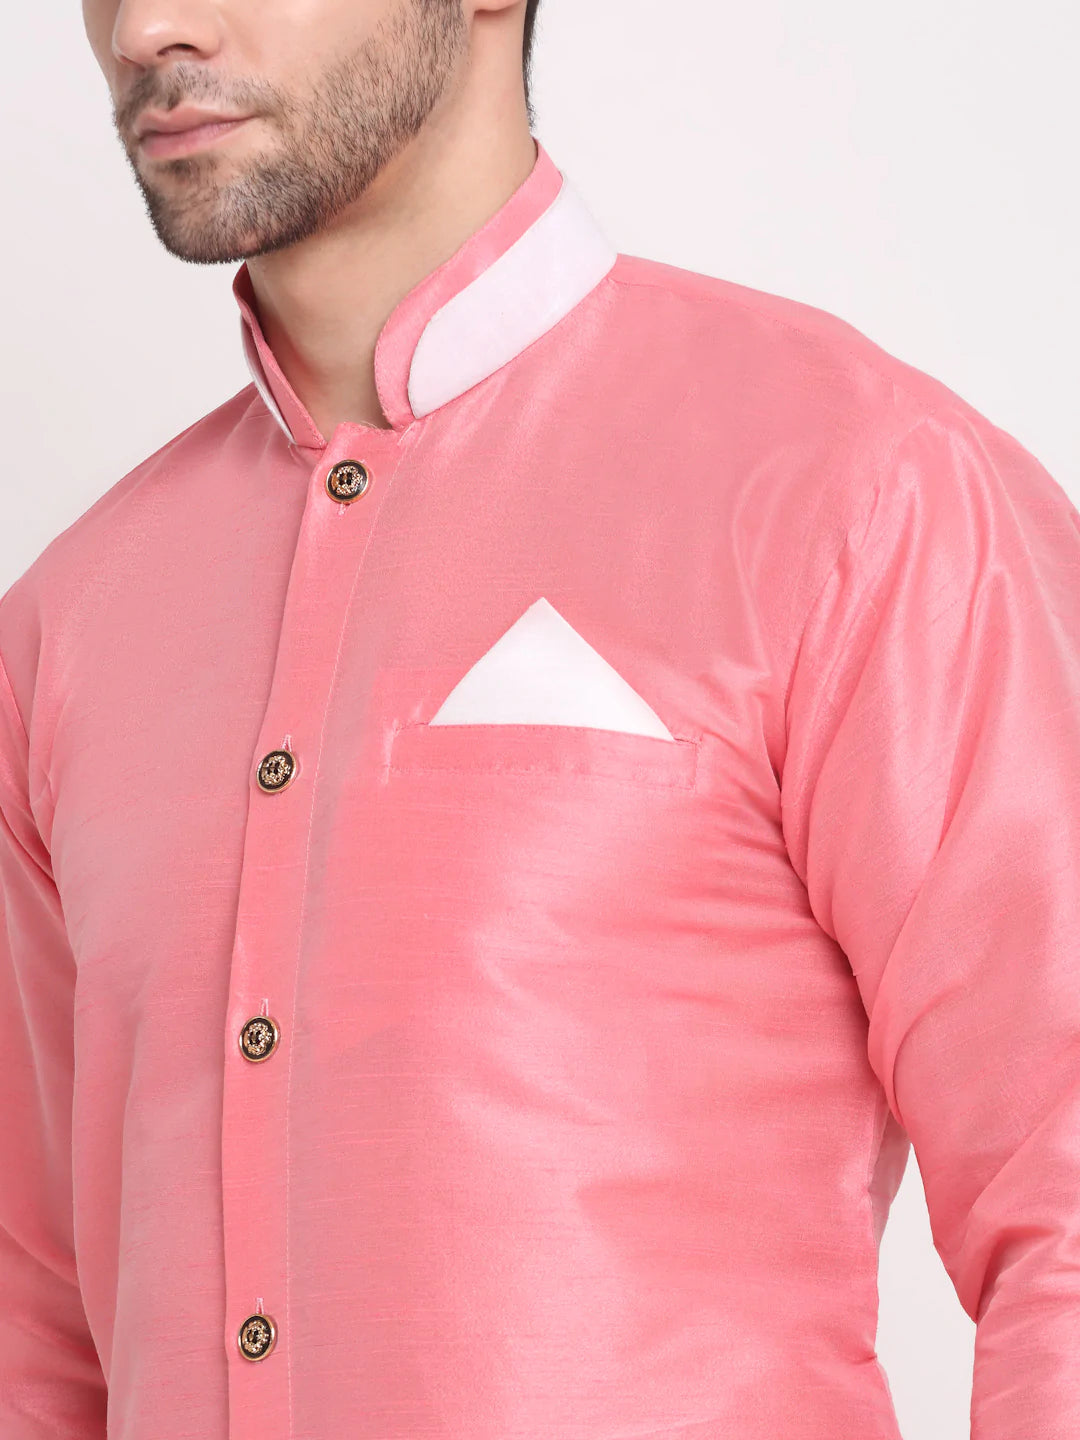 Kalyum Men's Pink Solid Kurta with White Dhoti Pant - Distacart
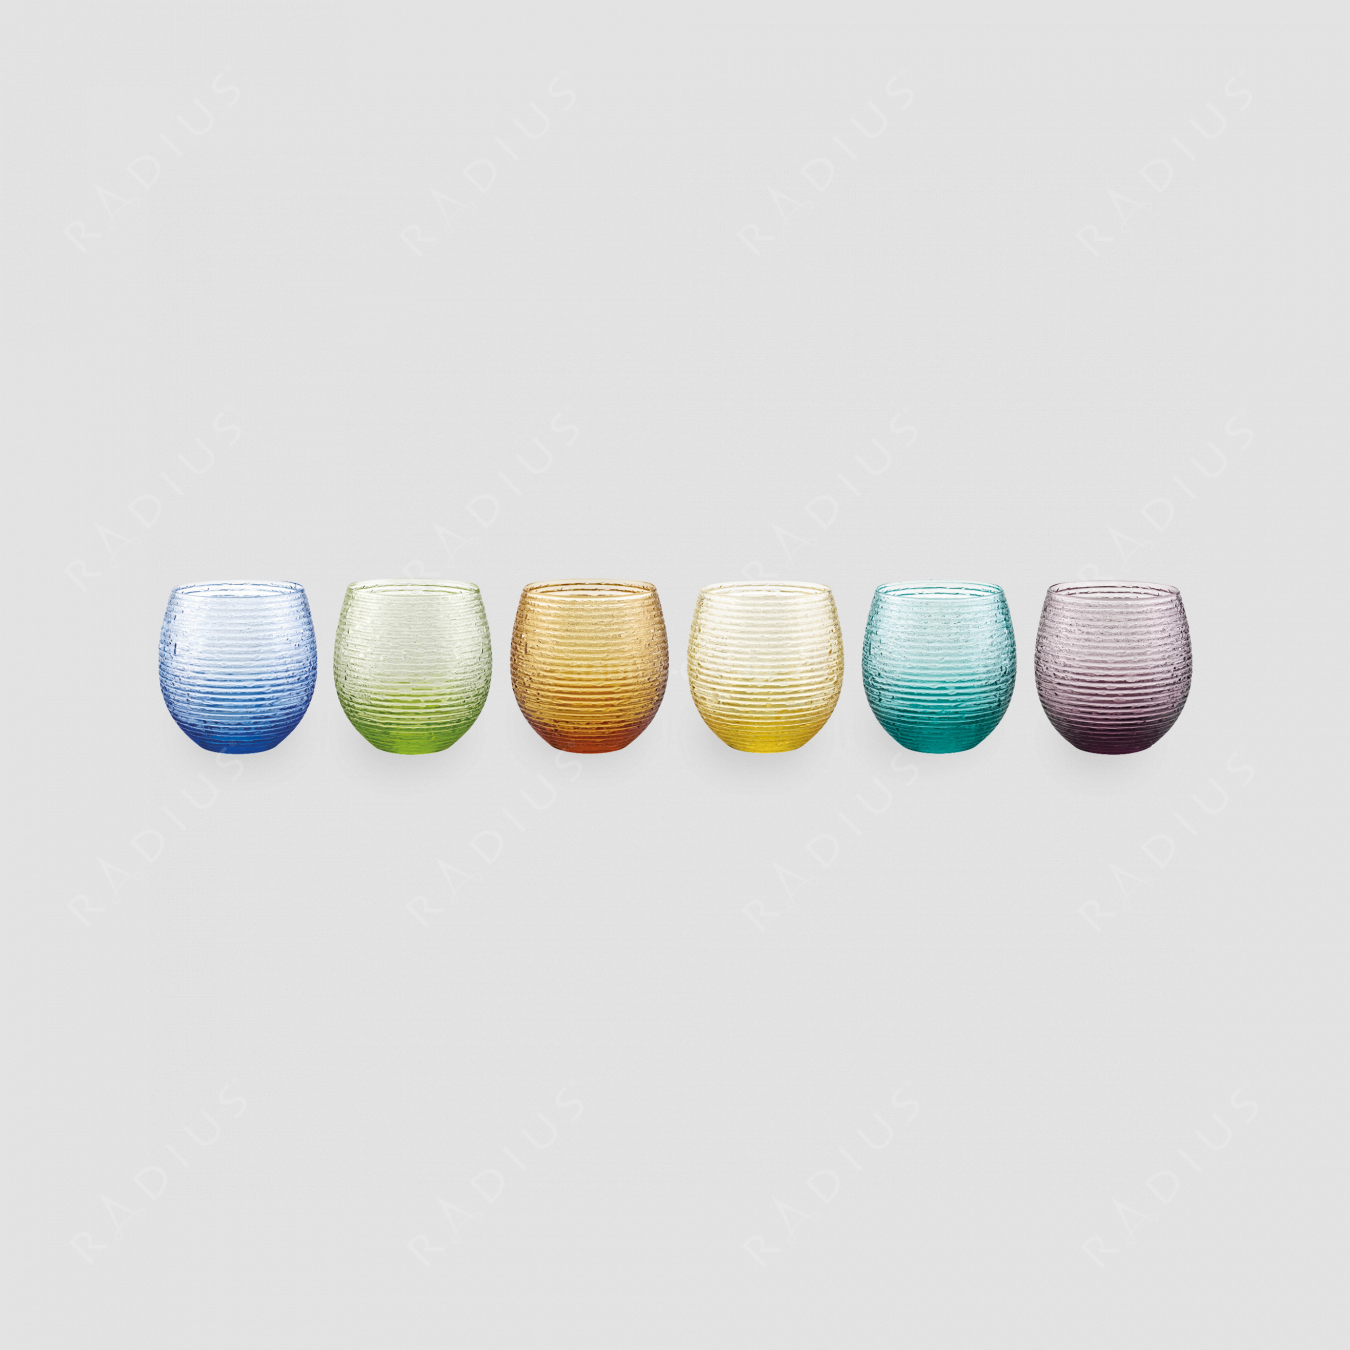 Набор из 6-ти стаканов для напитков, объем: 250 мл, диаметр: 8,6 см, высота: 8,6 см, цвет: ассорти, серия Multicolor, IVV (Italy), Италия
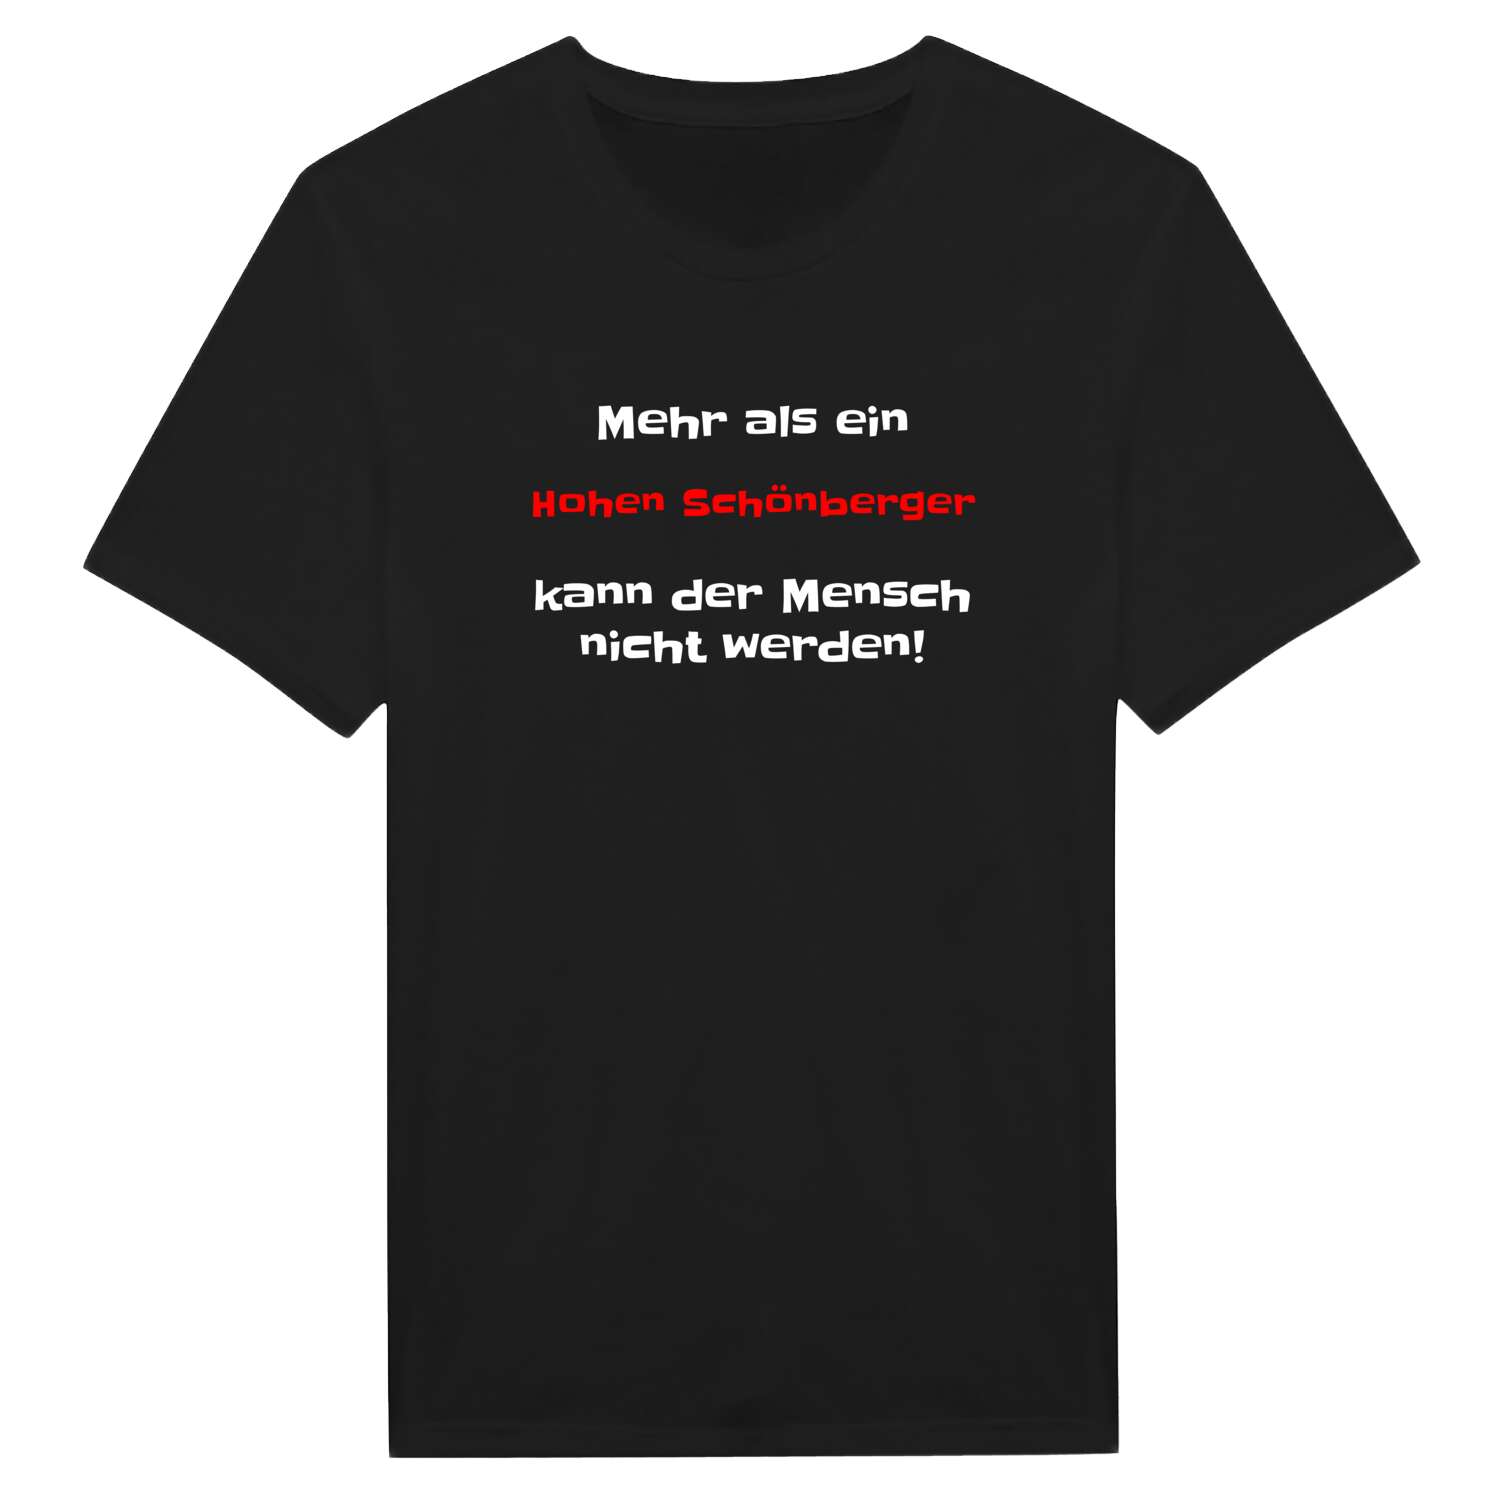 Hohen Schönberg T-Shirt »Mehr als ein«

§ **EXERCISE BRIEF**
Your response must consist of the material above, reproduced word for word, with the images omitted.

§ **RESPONSE AREA**
 Kalyum Men's Pink Solid Kurta with White Dhoti Pant - Distacart
 Набор из 6-ти стаканов для напитков, объем: 250 мл, диаметр: 8,6 см, высота: 8,6 см, цвет: ассорти, серия Multicolor, IVV (Italy), Италия
 Hohen Schönberg T-Shirt »Mehr als ein«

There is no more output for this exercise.